Type checkers spend much of their time verifying that pairs of types are equal, or at least compatible, checking for instance that the type of the argument to a function matches the type it expects.

Occasionally, they need to do the opposite, and verify that two types are distinct. One common case of this is allowing the programmer to omit those cases of a pattern match which are impossible because they would imply that two distinct types are equal. For instance, given a value which is either a string, or evidence that $\n{Int} = \n{String}$, then matching on this value need only handle the first case as the second is impossible.

type (_,_) eq = Refl : ('a, 'a) eq
type ('a, 'b) either = Left of 'a | Right of 'b

let f (x : (string, (int,string) eq) either) =
match x with
| Left s -> s
(* no case for Right, and yet the match is exhaustive *)

-- Agda can reason about distinctness of more than just types
open import Agda.Builtin.String
data Eq (a : String) : String -> Set where
Refl : Eq a a

data Sum (A B : Set) : Set where
Left : A -> Sum A B
Right : B -> Sum A B

f : Sum String (Eq "foo" "bar") -> String
f (Left s) = s
f (Right ()) -- "()" is the absurd pattern


Of course, this is unsound if the type system is wrong about two types being distinct. One common way that this can occur is when the type system assumes that all type constructors are injective.

Injectivity of a type constructor $F$ means that if $F[A] = F[B]$, then the types $A$ and $B$ are equal. Most common type constructors (List, Array and so on) are in fact injective, so this is a natural property to expect. However, if it is possible to define a type constructor $F$ by $F[A] = \n{Int}$, then injectivity fails. This issue occurred in Dotty1, a research Scala compiler, as well as in Agda2 (with the injective-type-constructors option). Curiously, Haskell makes the same assumption, but without unsoundness.
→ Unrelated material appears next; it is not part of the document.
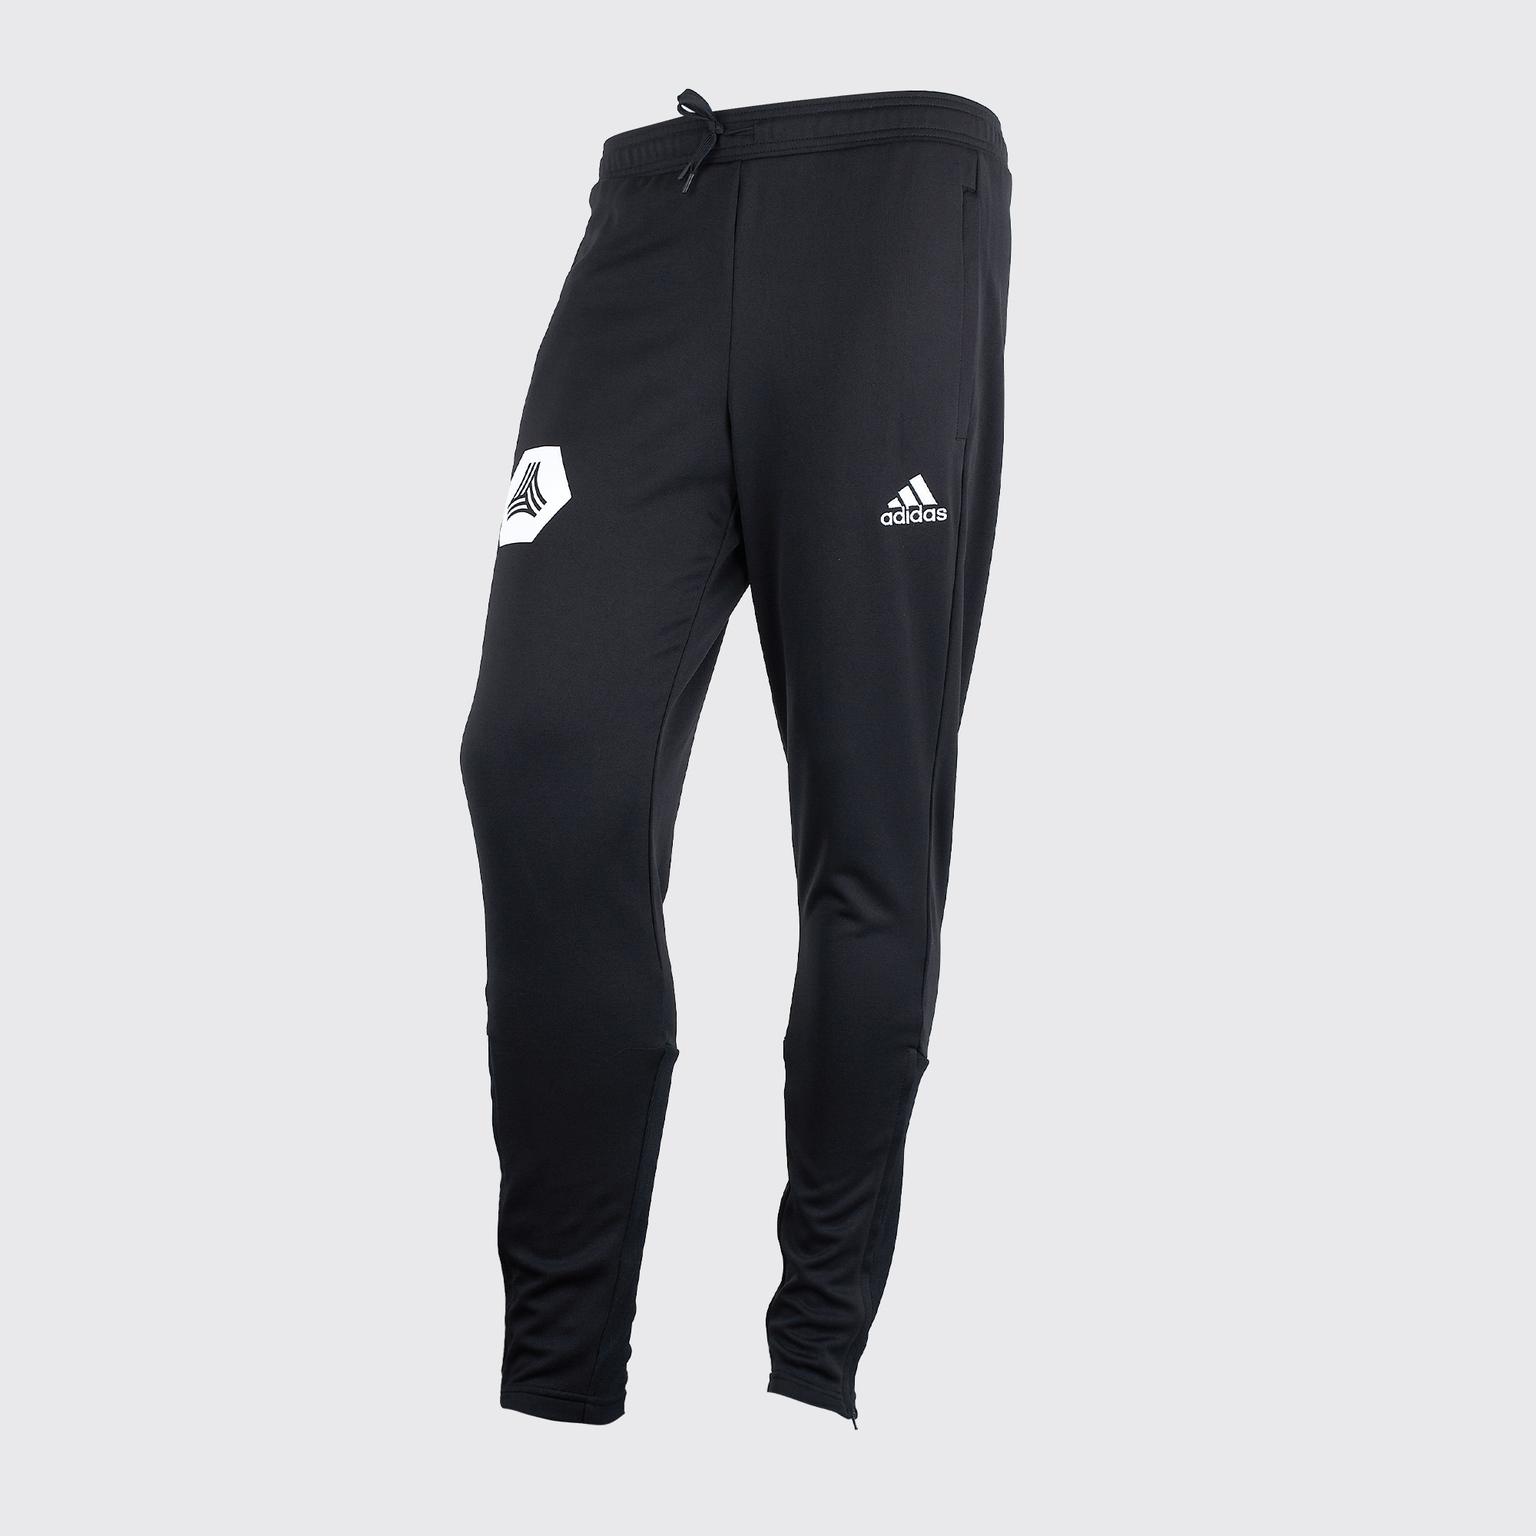 Брюки Adidas Tan Logo Joggers FJ6332 шорты игровые adidas tan dt9843

// Counterexample by Aleksander Boruch-Gruszecki
object Test {
sealed trait EQ[A, B]
final case class Refl[T]() extends EQ[T, T]
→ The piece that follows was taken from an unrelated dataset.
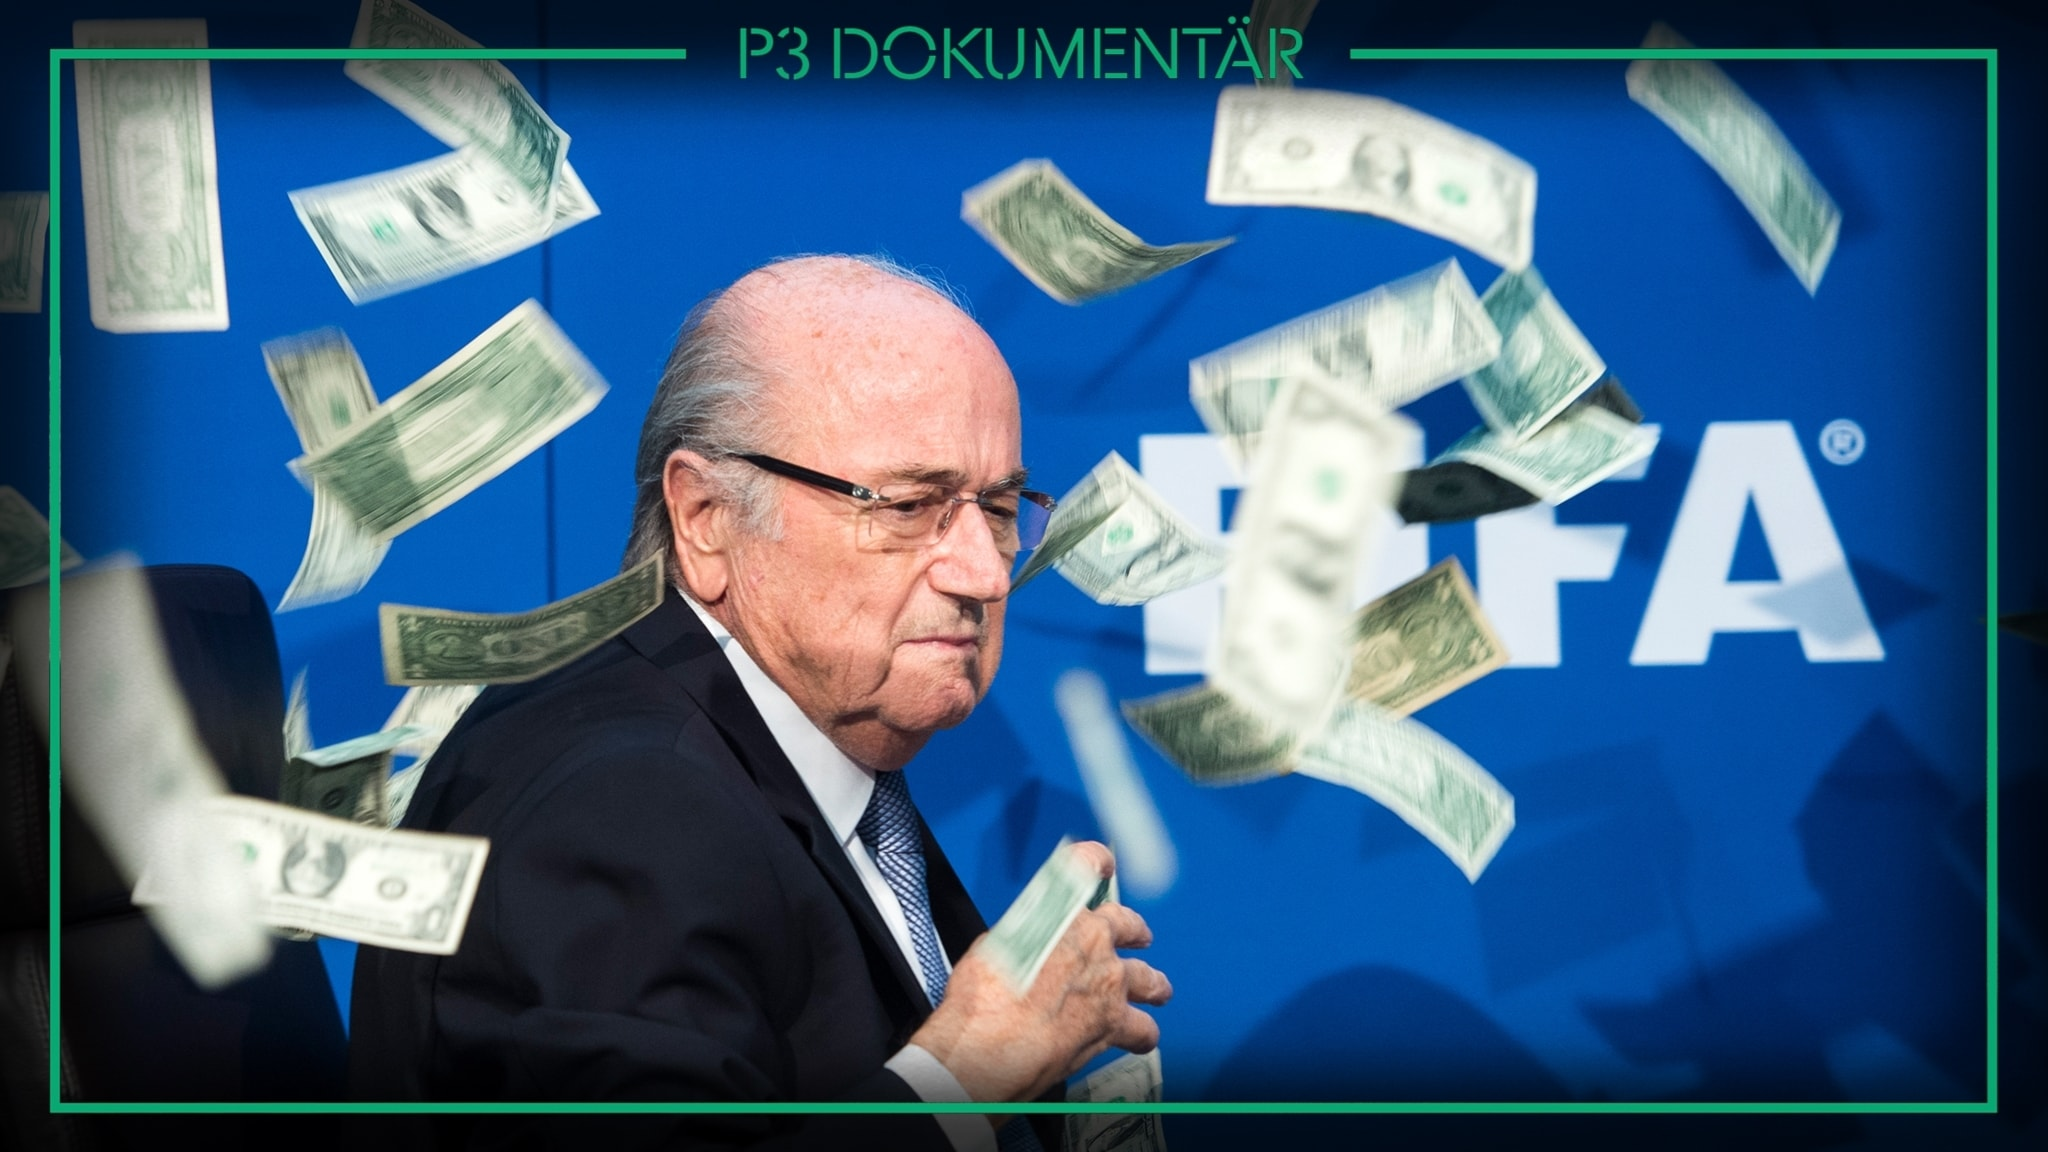 Huvudbild_Fifa_Sepp_Blatter

def absurd[F[_], X, Y](eq: EQ[F[X], F[Y]], x: X): Y = eq match {
case Refl() => x
}

var ex: Exception = _
try {
type Unsoundness[X] = Int
val s: String = absurd[Unsoundness, Int, String](Refl(), 0)
} catch {
case e: ClassCastException => ex = e
}

def main(args: Array[String]) =
assert(ex != null)
}

-- Counterexample by Andreas Abel
{-# OPTIONS --injective-type-constructors #-}

open import Common.Prelude
open import Common.Equality

abstract
f : Bool → Bool
f x = true

same : f true ≡ f false
same = refl

not-same : f true ≡ f false → ⊥
not-same ()

absurd : ⊥
absurd = not-same same

data Equ a b where
Refl : Equ a a

-- not in fact unsound! see below
everythingIsInjective :: Equ (f a) (f b) -> Equ a b
everythingIsInjective Refl = Refl


The reason that it is sound for Haskell to assume an arbitrary type constructor $F$ is injective is that it draws a distinction between type constructors and type-level functions. The following two declarations are distinct:

type family Foo :: * -> *
type family Bar a :: *


Here, Foo is defined as a type constructor, something of kind * -> *. This kind only contains injective type constructors (like lists, etc.). By contrast, Bar is defined as a type-level function. Bar is not necessarily injective, as one can define:

type instance Bar a = Int


However, Bar is not of kind * -> *, and cannot be passed as the f parameter to everythingIsInjective:

eqFoo :: Equ (Foo a) (Foo b) -> Equ a b
eqFoo = everythingIsInjective -- works

eqBar :: Equ (Bar a) (Bar b) -> Equ a b
eqBar = everythingIsInjective -- error


In fact, in Haskell there is currently no way to quantify over things like Bar: Haskell's higher-kinded types only allow passing around injective type constructors. A recent paper by Kiss et al.3 proposes adding parameterisation by type functions to Haskell, by adding a new kind * => * which does not carry injectiveness assumptions.

3

Higher-order Type-level Programming in Haskell (ICFP '19), Csongor Kiss, Susan Eisenbach, Tony Field, Simon Peyton Jones (2019)